- Status: Defunct
- Genre: Music festival
- Dates: August
- Frequency: Annual
- Venue: Logger Sports Grounds and Brennan Park field complex
- Location(s): Squamish, British Columbia, Canada
- Years active: Six
- Inaugurated: 2010
- Most recent: 2015
- Attendance: 120,000 (2015)

= Squamish Valley Music Festival =

Former festival in Canada

The Squamish Valley Music Festival (pronounced /ˈskwɔːmɪʃ/), previously LIVE at Squamish, was an annual music festival co-produced by Vancouver-based BRANDLIVE Management and Live Nation Canada, held in Squamish, British Columbia, over the second weekend in August. In 2015, its last year, it had an attendance of over 120,000 people. The festival was cancelled in 2016.

==History==
The festival, originally called LIVE at Squamish, began in 2010 and had an attendance of about 13,000 people.

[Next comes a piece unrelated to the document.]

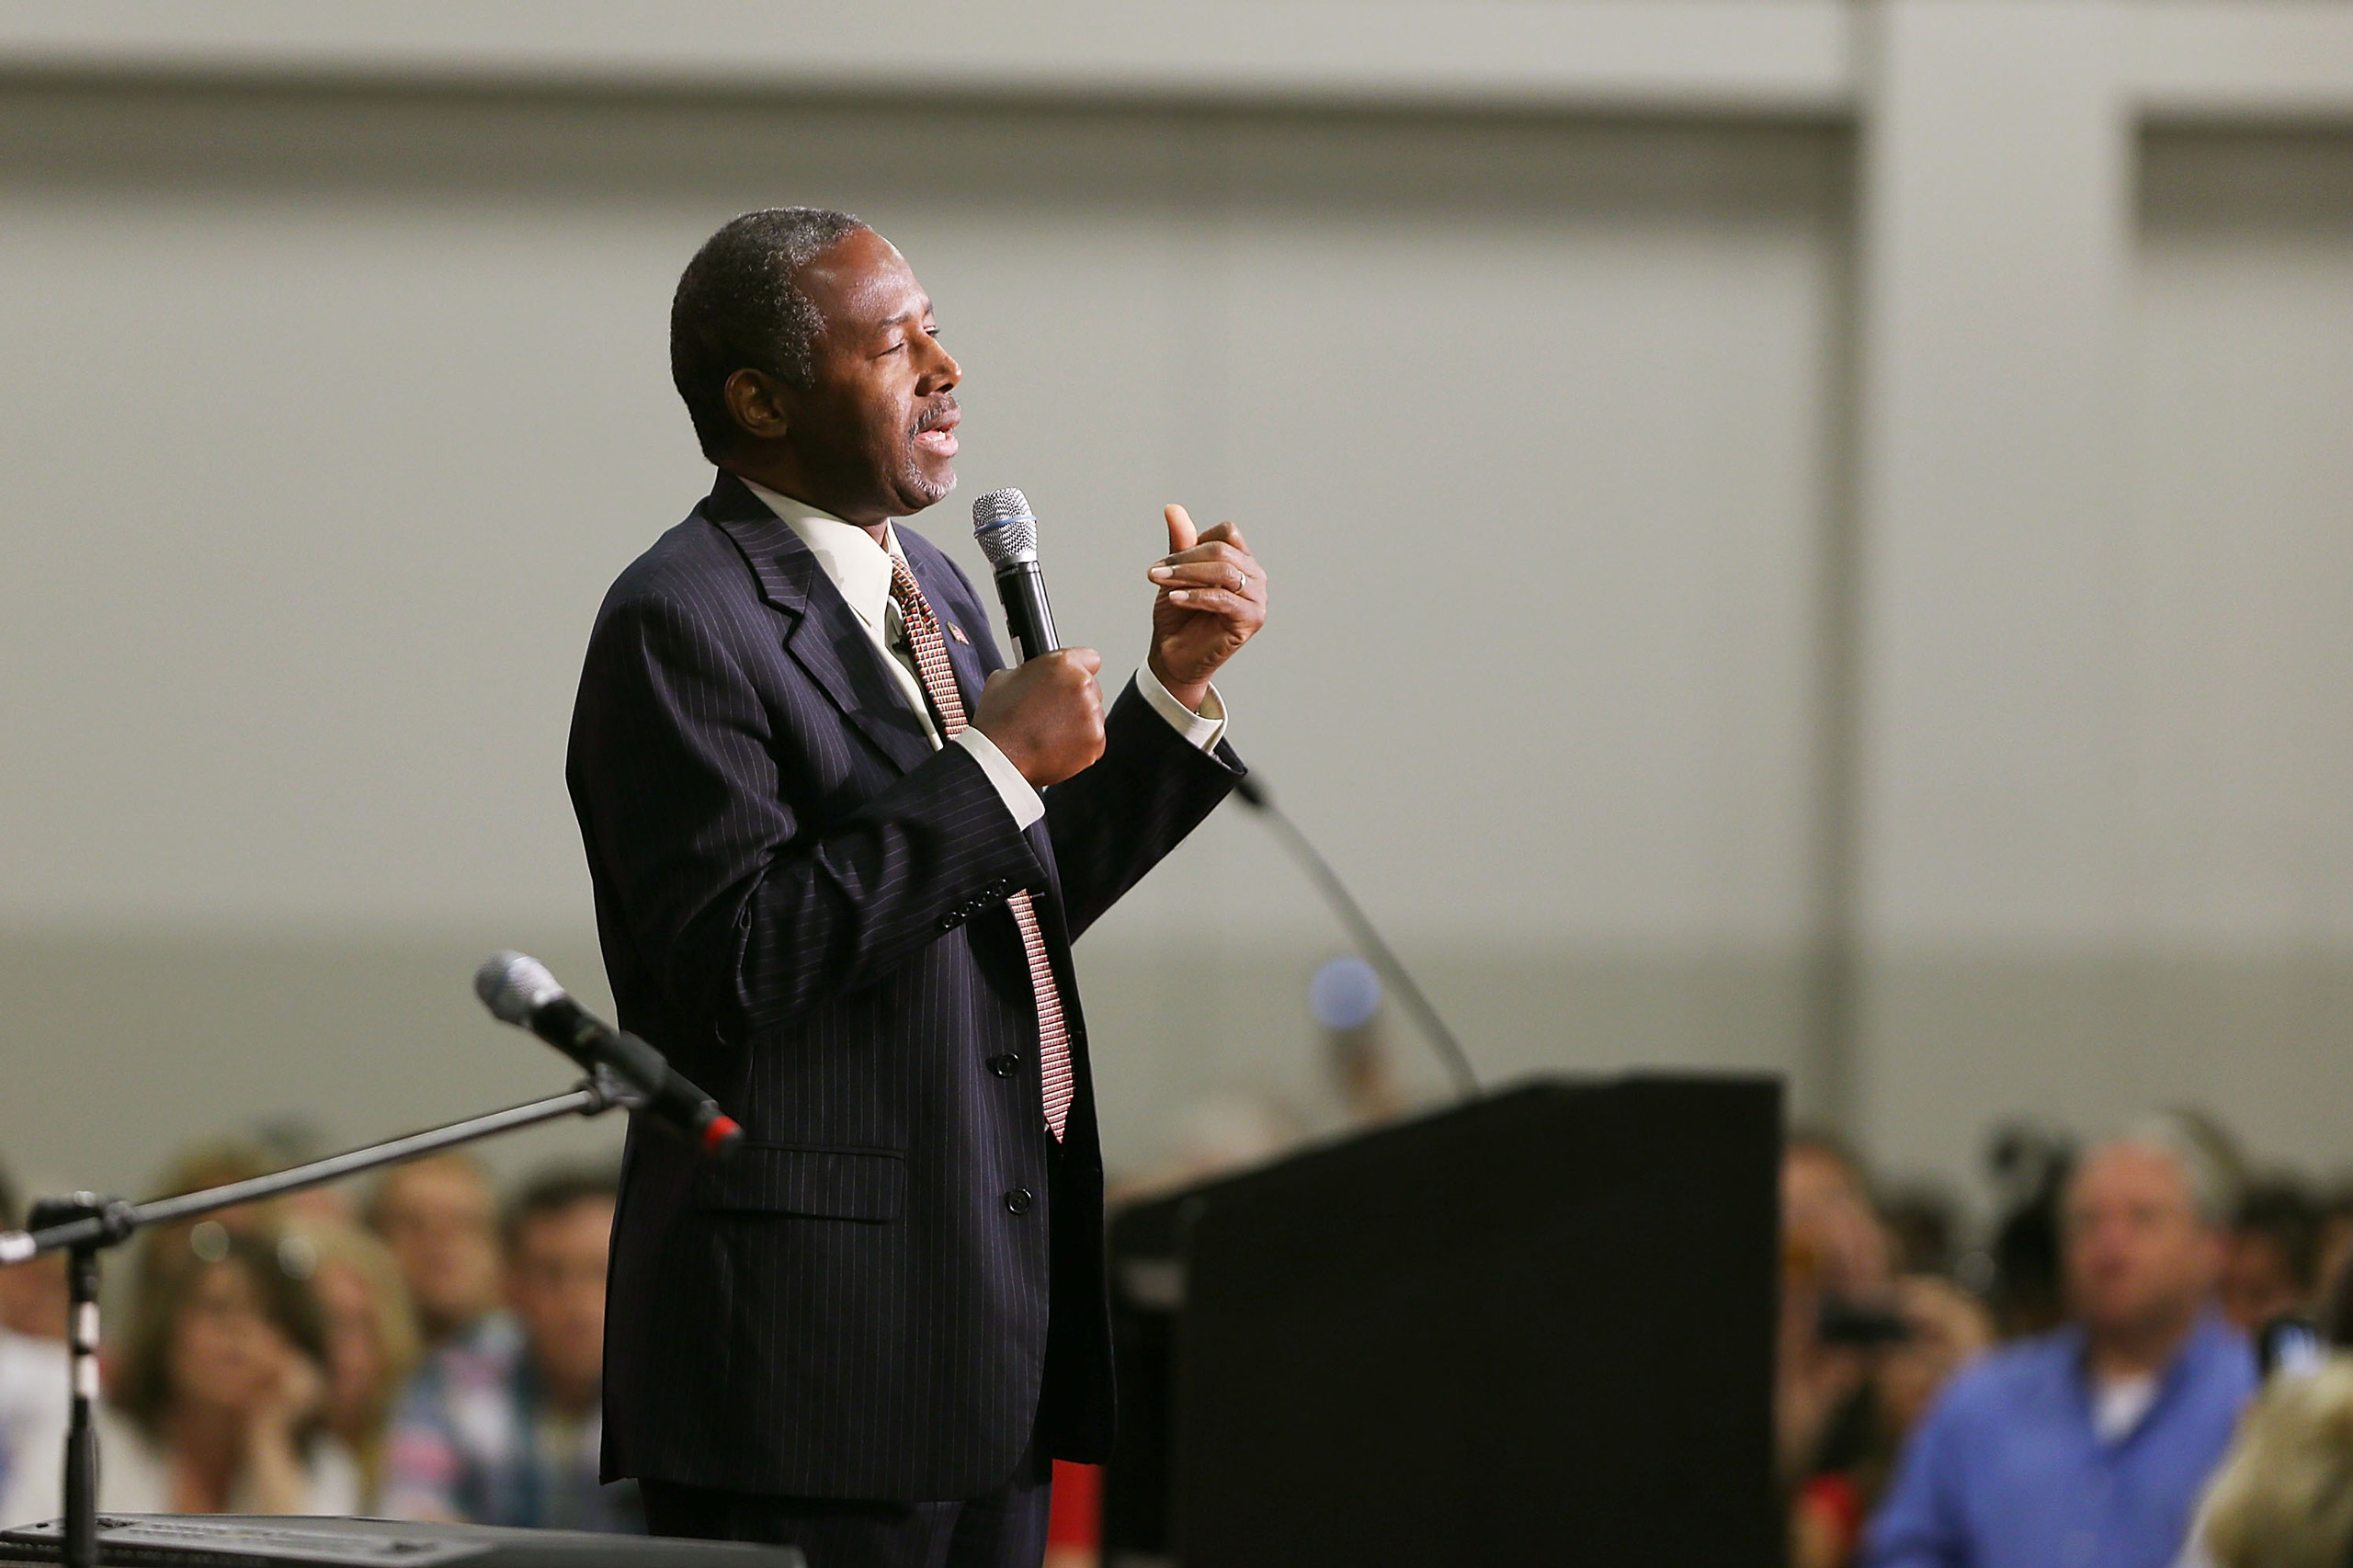 SHARONVILLE, OH - SEPTEMBER 22:  Republican presidential candidate Dr. Ben Carson speaks at a campaign rally on September 22, 2015 in Sharonville, Ohio. Carson came under criticism after expressing his view that he would not support putting "a Muslim in charge of this nation".  (Photo by Mark Lyons/Getty Images)

Squamish attracted headlining artists such as Bad Religion, Metric, the Tragically Hip, Childish Gambino, Weezer, Matthew Good, City and Colour, Vampire Weekend, Queens of the Stone Age, Eminem, Macklemore & Ryan Lewis, Gogol Bordello, and Jurassic 5.

In its last year, it attracted over 120,000 people. In 2016, the festival's organizers, BRANDLIVE and Live Nation Canada, cancelled the event, due to a falling Canadian dollar and increasing competition from other music festivals.